Sunday, April 03, 2005

mr. jimbo, it's the third world calling

Every day at work I get ten calls from the third world, from places like Sri Lanka, India and Pakistan. Those of you who live in those places are probably asking right now, “Who does that Jimbo think he is, calling us third world? When we talk over here about your health care system and your President, we call you third world.”

Of course they probably say it in a different language than that and if we heard them say it, we’d have no idea what they are saying. We’d probably be asking why those Sri Lankans are always chatting about things we can’t understand, and suggesting if they had anything really important to say, they’d say it in English.

Those of you in primarily English-speaking countries are probably saying, “Jimbo must do a large amount of international business.”

To which I’d answer, some, but none so far in Asia.

The company I work for receives a number of magazine subscriptions free of charge and ten times a day someone calls me to ask me if I want to continue my free subscription or begin a free subscription to a magazine to which my company doesn’t currently subscribe. Every time one of them calls, it takes me a few seconds to understand what they are saying, because they are not speaking the same English I do. It is like the outsourcing craze has finally reached saturation.

Sometimes, when you are calling about your credit card bill or at the drive-through at your local fast food place, and the person on the other end of the phone or the speaker has been carefully trained by a major corporation to speak in a fluent American dialect, you don’t immediately realize the third world is on the line. But when it comes down to free magazine subscriptions, anyone who can read a paragraph in English, without extensive training will fit the requirements of the companies that outsource the job to them. Now, it seems, high-quality, high-dollar American telemarketers are being replaced by cheaper foreign labor.

Now, Jimbo likes good old American telemarketers about as much as he likes sitting down on a wet toilet seat, but at least you can understand those bastards when they are on the phone. And, in the old days when you asked them politely to stop calling you by suggesting that if they ever called back you would find them, rip out their heart and stuff it down their throat, you’d get a response like:

“Yeah, right.”

Now, we have a defense against them. On the rare occasions that they call at home, a four-word response will usually get rid of them: Do not call list. And when that doesn’t work, there is still the most powerful defense of all.

“Why are you calling me?
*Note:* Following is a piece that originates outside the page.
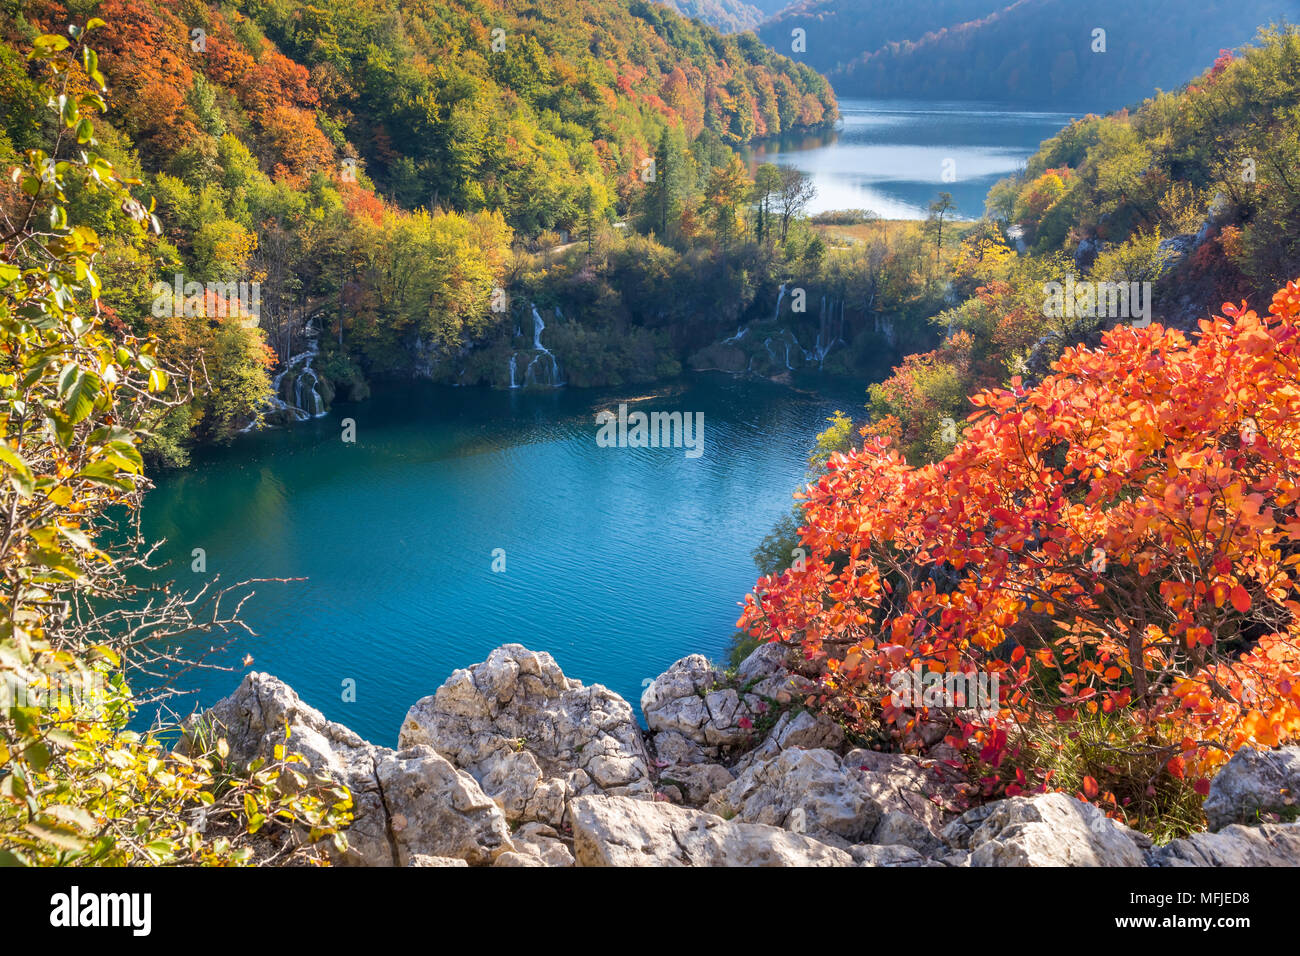 Elevated view from a lookout over the Lower Lakes inside Plitvice Lakes National Park, UNESCO World Heritage Site, Croatia, Europe Stock Photo

I’m on the do not call list.”

“Sir, we’ve done business with you before, so we wanted you to know about special pricing we know you’ll want to take advantage of.”

“Well, if you ever call me back, we’ll never do business again. Do you freakin’ understand?”

“Yes, sir.”

That always seems to work.

Now, it seems that someone has found the wretched of the earth to do the dirty work of the telemarketer. Now your telemarketer has nothing to fear, knowing you will not be able to locate his boiler room in Cambodia so the threat of ripping out his heart will ring empty. If this keeps up, pretty soon the only jobs available in the United States will be managing the outsourcing of American jobs to the third world. You may recall in an earlier blog I complained about Wendy’s using Dave Thomas as their spokesman, years after he died. I said that if Wendy’s hired only the dead, then there would soon not be enough living people with jobs to buy their product.


http://jimboandhisfriends.blogspot.com/2004/11/dead-man-walking.html

Eventually, outsourcing is going to have the same effect. When everyone’s job is outsourced, who will have a job and money to buy the products and keep the economy running?

I guess the living and American workers need someone to speak in their behalf. I guess it might as well be me. After all, I don’t want it to be said that I was yakking on the phone with someone in the third world when everything we hold precious was finally flushed down the toilet.